(Data for the task Opens)

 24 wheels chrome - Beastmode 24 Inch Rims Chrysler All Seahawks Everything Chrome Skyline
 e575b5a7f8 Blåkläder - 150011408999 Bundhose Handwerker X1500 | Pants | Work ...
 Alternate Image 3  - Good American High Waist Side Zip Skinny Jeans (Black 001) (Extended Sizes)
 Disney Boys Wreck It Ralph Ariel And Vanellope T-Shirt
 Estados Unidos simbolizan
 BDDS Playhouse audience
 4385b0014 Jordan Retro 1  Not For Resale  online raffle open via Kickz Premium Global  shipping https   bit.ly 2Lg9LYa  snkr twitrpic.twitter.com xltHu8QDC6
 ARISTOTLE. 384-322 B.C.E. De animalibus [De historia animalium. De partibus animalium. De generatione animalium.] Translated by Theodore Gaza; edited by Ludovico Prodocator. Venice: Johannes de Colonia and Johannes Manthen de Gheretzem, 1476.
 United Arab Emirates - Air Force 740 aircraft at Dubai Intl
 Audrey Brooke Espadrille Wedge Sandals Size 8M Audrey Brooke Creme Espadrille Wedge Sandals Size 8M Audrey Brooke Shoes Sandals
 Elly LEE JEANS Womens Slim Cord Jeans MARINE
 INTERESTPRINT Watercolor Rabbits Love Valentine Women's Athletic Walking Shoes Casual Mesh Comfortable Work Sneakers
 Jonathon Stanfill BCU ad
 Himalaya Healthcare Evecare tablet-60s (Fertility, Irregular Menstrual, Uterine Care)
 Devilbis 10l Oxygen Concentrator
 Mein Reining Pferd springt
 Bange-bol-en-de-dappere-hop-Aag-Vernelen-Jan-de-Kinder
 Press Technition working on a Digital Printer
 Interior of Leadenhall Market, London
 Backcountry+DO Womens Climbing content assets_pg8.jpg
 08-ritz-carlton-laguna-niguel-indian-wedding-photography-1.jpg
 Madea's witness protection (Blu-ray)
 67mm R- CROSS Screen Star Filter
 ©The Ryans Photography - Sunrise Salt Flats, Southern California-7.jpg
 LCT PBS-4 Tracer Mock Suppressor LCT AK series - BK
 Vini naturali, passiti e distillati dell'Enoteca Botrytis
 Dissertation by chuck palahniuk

(Data for the task Closes)

**Aim of the task**: Your task is to retype the records above exactly.

**Solved exercise**:
 24 wheels chrome - Beastmode 24 Inch Rims Chrysler All Seahawks Everything Chrome Skyline
 e575b5a7f8 Blåkläder - 150011408999 Bundhose Handwerker X1500 | Pants | Work ...
 Alternate Image 3  - Good American High Waist Side Zip Skinny Jeans (Black 001) (Extended Sizes)
 Disney Boys Wreck It Ralph Ariel And Vanellope T-Shirt
 Estados Unidos simbolizan
 BDDS Playhouse audience
 4385b0014 Jordan Retro 1  Not For Resale  online raffle open via Kickz Premium Global  shipping https   bit.ly 2Lg9LYa  snkr twitrpic.twitter.com xltHu8QDC6
 ARISTOTLE. 384-322 B.C.E. De animalibus [De historia animalium. De partibus animalium. De generatione animalium.] Translated by Theodore Gaza; edited by Ludovico Prodocator. Venice: Johannes de Colonia and Johannes Manthen de Gheretzem, 1476.
 United Arab Emirates - Air Force 740 aircraft at Dubai Intl
 Audrey Brooke Espadrille Wedge Sandals Size 8M Audrey Brooke Creme Espadrille Wedge Sandals Size 8M Audrey Brooke Shoes Sandals
 Elly LEE JEANS Womens Slim Cord Jeans MARINE
 INTERESTPRINT Watercolor Rabbits Love Valentine Women's Athletic Walking Shoes Casual Mesh Comfortable Work Sneakers
 Jonathon Stanfill BCU ad
 Himalaya Healthcare Evecare tablet-60s (Fertility, Irregular Menstrual, Uterine Care)
 Devilbis 10l Oxygen Concentrator
 Mein Reining Pferd springt
 Bange-bol-en-de-dappere-hop-Aag-Vernelen-Jan-de-Kinder
 Press Technition working on a Digital Printer
 Interior of Leadenhall Market, London
 Backcountry+DO Womens Climbing content assets_pg8.jpg
 08-ritz-carlton-laguna-niguel-indian-wedding-photography-1.jpg
 Madea's witness protection (Blu-ray)
 67mm R- CROSS Screen Star Filter
 ©The Ryans Photography - Sunrise Salt Flats, Southern California-7.jpg
 LCT PBS-4 Tracer Mock Suppressor LCT AK series - BK
 Vini naturali, passiti e distillati dell'Enoteca Botrytis
 Dissertation by chuck palahniuk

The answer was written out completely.